During the process of patent drafting, an important step is the generation of a Markush structure based on a list of specific compounds. The goal of patent applicants and attorneys is to cover all compounds delivered by the research group, as well as other structurally similar compounds, while retaining appropriate extent of specificity that is required by patent offices. This critical step is typically carried out manually, although it is difficult, time-consuming, and error-prone.

In the last decades, the digital representation and analysis of Markush structures have been the subjects of intensive research [[1], [2], [3], [4], [5],[9], [10], [11], [12],14,[16], [17], [18], [19], [20], [21]]. Various tools for representing, visualizing, and searching Markush structures are described in the literature [3,14,[20], [21], [22], [23], [24], [25], [26], [27], [28], [29], [30]]. According to the authors’ knowledge, however, no complete algorithmic solution was published until now to the generation of Markush structures based on the list of target compounds.

This paper presents a novel algorithm for automatic construction of Markush structures, which can be used both for patent drafting and for the composition of (virtual) combinatorial libraries. A simple example is presented in Fig. 1. Given a series of specific compounds, the algorithm generates a Markush structure that encompasses all compounds along with other similar ones due to additional combinations of the variable parts derived from the original compounds. As Fig. 1 demonstrates, substituent variation (R-groups), position variation, and atom variation are applied by the algorithm.
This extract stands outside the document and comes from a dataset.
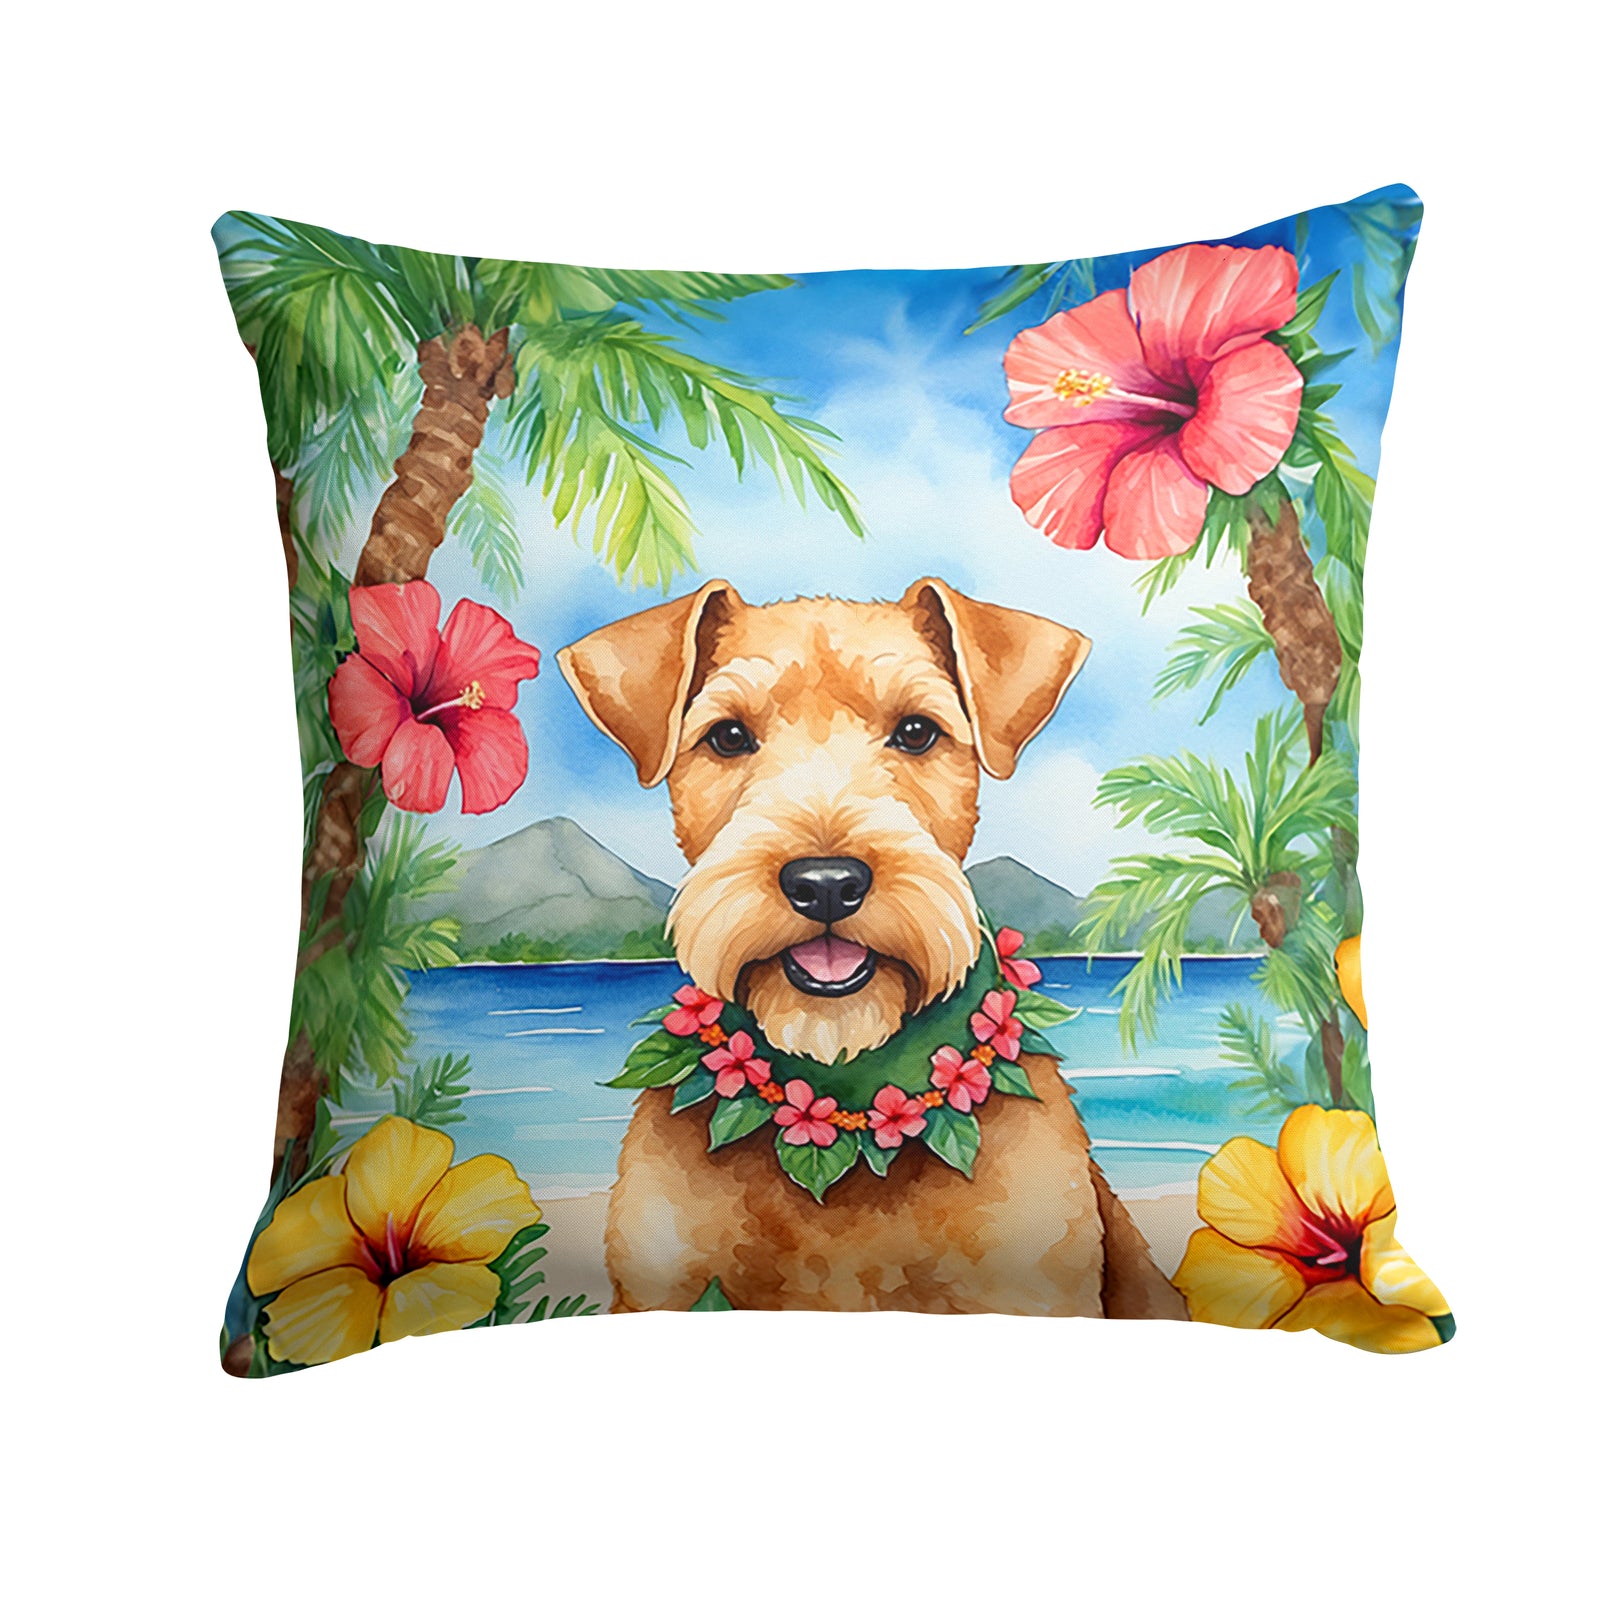 Buy this Lakeland Terrier Luau Throw Pillow
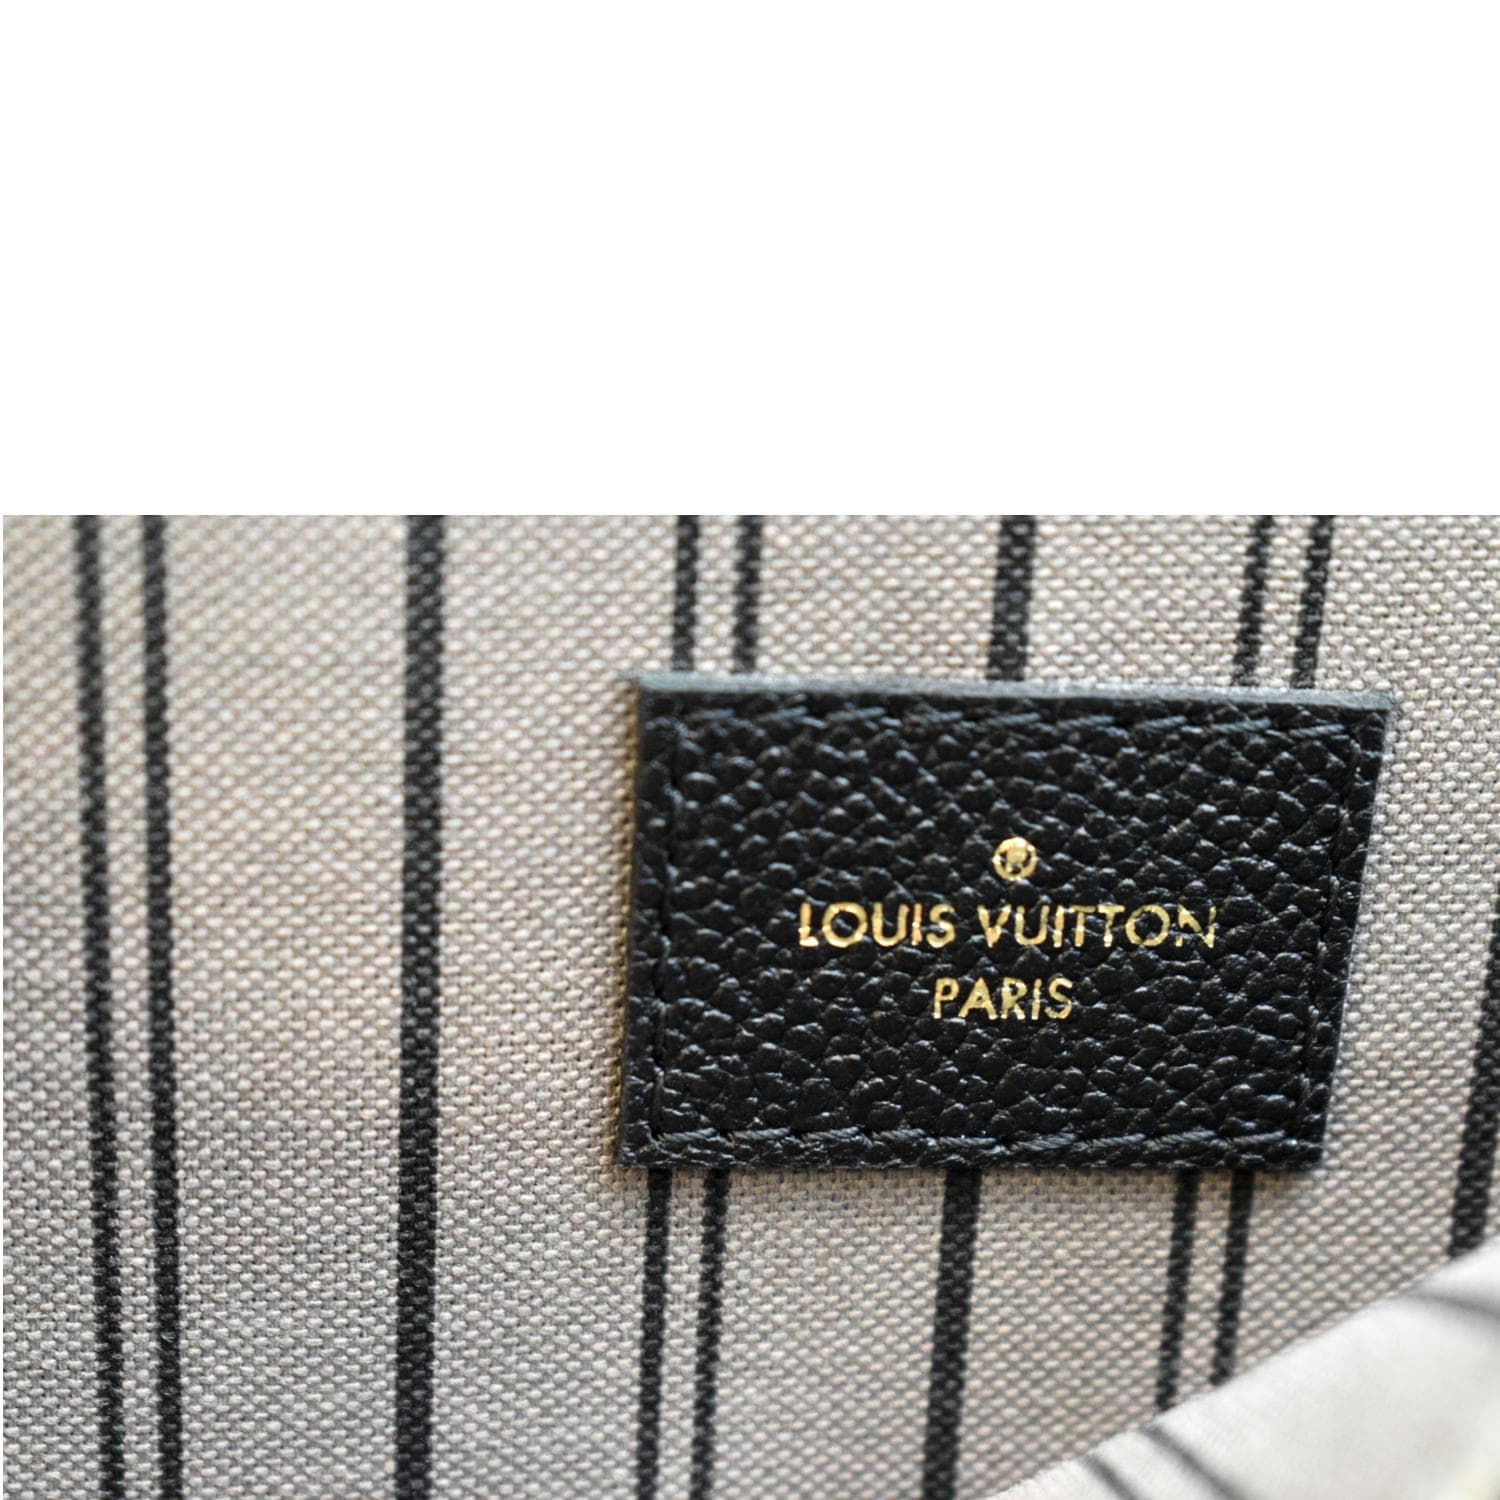 Dusseldorf 01 10 2022 Louis Vuitton Pochette Metis Shoulder Bag Ladies Bag  Fake Plagiarism Customs

Other types of variations, such as homology groups, are not supported currently, but the algorithm enables further extension to support them.

A similar concept called R-group decomposition is available in different commercial and open-source cheminformatics software packages [[31], [32], [33]]. In contrast with the presented algorithm, however, R-group decomposition is typically used for generating structure activity relationship (SAR) tables, not for generating Markush structures. R-group decomposition algorithms can decompose molecules into fragments based on a predefined scaffold, but they cannot identify the scaffold automatically and can only generate single-level R-groups. They do not support nested R-groups and other features like position variation. Therefore, R-group decomposition cannot be considered as an actual alternative to the solution discussed in this paper.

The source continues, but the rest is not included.